All the gifts larger than Maurer’s were given this decade. The largest was a $77 million gift from the estate of Carmel entrepreneur
Jesse Cox. Cox died earlier this year. That gift pays for the Cox Scholars program, which was started in 2005. The second-largest
gift was $50 million in 2006 from real estate developer Melvin Simon and his wife, Bren, for the IU Cancer Center,
which opened earlier this year. In 2005, the estate of David and Barbara Jacobs gave $40.6 million to what is now the IU Jacobs
School of Music.
Maurer’s gift, announced Dec. 4, is the largest in the law school’s history to come from a single donor. It will fund an undetermined
number of scholarships. Because the donation comes during IU’s $1 billion Matching the Promise fund-raising campaign, the
university will match investment income from the gift in perpetuity. In honor of the gift, the law school is now known as
the Michael Maurer School of Law at Indiana University.

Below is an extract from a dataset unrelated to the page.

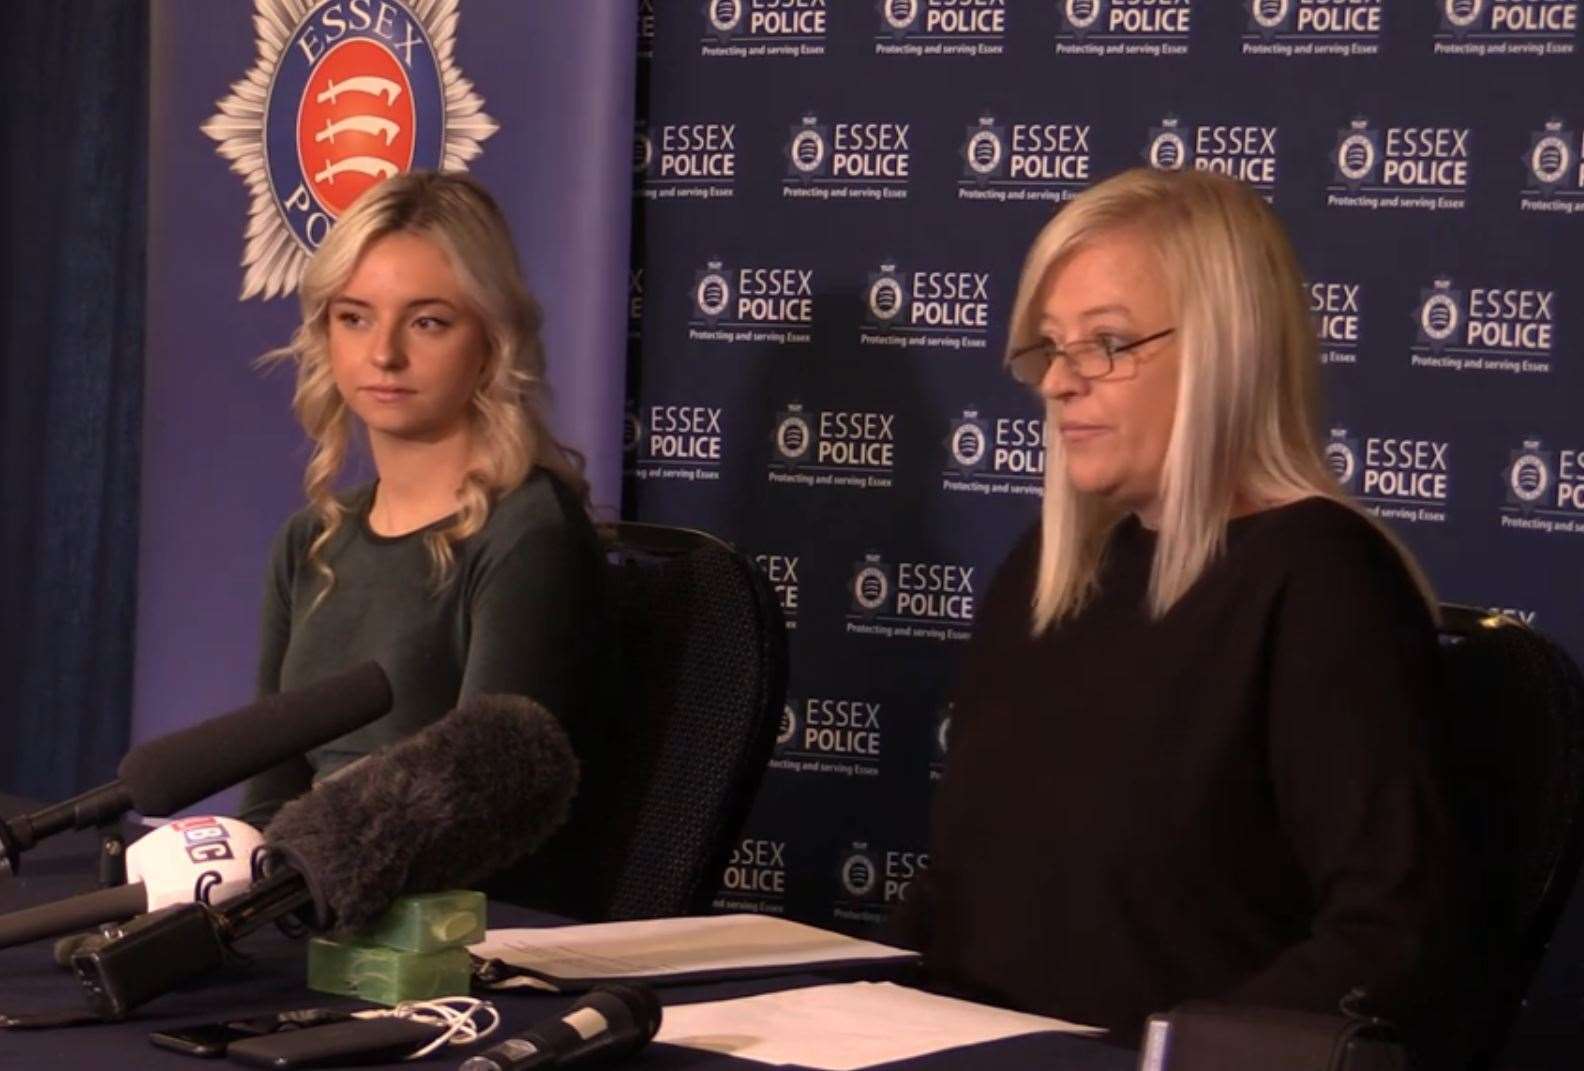 Nicole Dobbin, the widow of Simon Dobbin, speaking at an Essex Police press conference, alongside their daughter, Emily Dobbin, 22, in 2021. (Sam Russell/PA)

"I have always thought I had a duty to give back," said Maurer, who graduated from the law school in 1967. He said
he received
a small academic scholarship in his second year and went on to a 20-year career practicing "any kind of law that had
to do
with numbers." Maurer, 65, founded the Carmel law firm Maurer Rifkin & Hill PC but no longer practices.
Maurer will make his donation over time, with an undisclosed portion coming from his estate after his death.